Okay so at this moment, I knew I needed to do more research but I could not believe that there is talk about a possible connection between Parkinson’s and Celiac and talk that even though they have not confirmed a connection, that a gluten free diet may help those with Parkinson’s.
I immediately interrupted everyone talking and read excerpts of what I was reading. My parents and sister’s jaws were dropped. My mom said, “I think I should go get tested for Celiac.” I put my phone down and said with tears pillowing in my eyes, “Guys, this is exactly why I am unbelievably grateful for my diagnosis. I am so grateful that I found my answers; that I have my diagnosis and that I possibly prevented myself from other diseases, worse diseases. And THIS is why I started my blog, in hopes to help others.” And as God as my witness, along with the 4 other people there at that moment, fireworks set off in the sky right above us. We all threw our arms up cheering and clapping.

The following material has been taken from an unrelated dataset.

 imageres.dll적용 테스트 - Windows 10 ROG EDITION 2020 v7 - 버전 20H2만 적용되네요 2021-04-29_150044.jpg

The neighbors that set them off probably thought we were crazy, or maybe they just thought we liked their fireworks haha!
Guys, the goosebumps, the tears; that moment will hold dear to my heart.

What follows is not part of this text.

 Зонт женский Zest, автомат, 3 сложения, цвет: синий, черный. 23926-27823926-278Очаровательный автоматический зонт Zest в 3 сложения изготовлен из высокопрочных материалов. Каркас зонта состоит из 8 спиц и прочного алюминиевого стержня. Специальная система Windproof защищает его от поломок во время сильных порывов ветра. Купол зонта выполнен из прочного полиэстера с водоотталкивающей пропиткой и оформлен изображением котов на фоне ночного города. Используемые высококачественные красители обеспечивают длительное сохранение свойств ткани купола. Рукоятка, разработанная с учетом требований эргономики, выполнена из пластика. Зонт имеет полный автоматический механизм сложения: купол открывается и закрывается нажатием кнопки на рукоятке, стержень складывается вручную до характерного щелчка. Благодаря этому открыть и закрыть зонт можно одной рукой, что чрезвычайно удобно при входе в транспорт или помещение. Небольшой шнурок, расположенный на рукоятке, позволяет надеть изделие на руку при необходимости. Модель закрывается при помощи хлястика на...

I mean again, these are all huge theories and I HAVE to do more research but what if those fireworks at that very moment I read that Celiac could possibly be linked to Parkinson’s disease, could be God talking to us, talking to me? The universe showing me a sign that I am on the right path. And what if not? Maybe it was just one big coincidence. So what! I believe with all my heart that that was a moment in time that I was reminded that I am on the right path. That I am doing what I am meant to do. That I am right where I am meant to be, doing what I’m meant to be doing. We all are right where we’re supposed to be, when we’re supposed to be, doing what we’re supposed to be doing. We just have to embrace it, learn from it, understand it, grow from it and pay attention to it.
So, for me, I will embrace that “sign.” I will continue to bug my mom to get tested. And I will thank God for that sign and continue my research and continue on my health journey and continue on this path that has been set out for me.
Trust those signs. Trust your gut. Ask your doctor questions. Don’t give up. I’m certainly no doctor or therapist but I am always here for anyone who may have autoimmune symptoms they need help navigating.
2020 will be a year filled with more research and answers and I couldn’t be more excited to dive in and see what I find!!
“Never allow anyone to take away your sparkle. Be kind and laugh and love often.”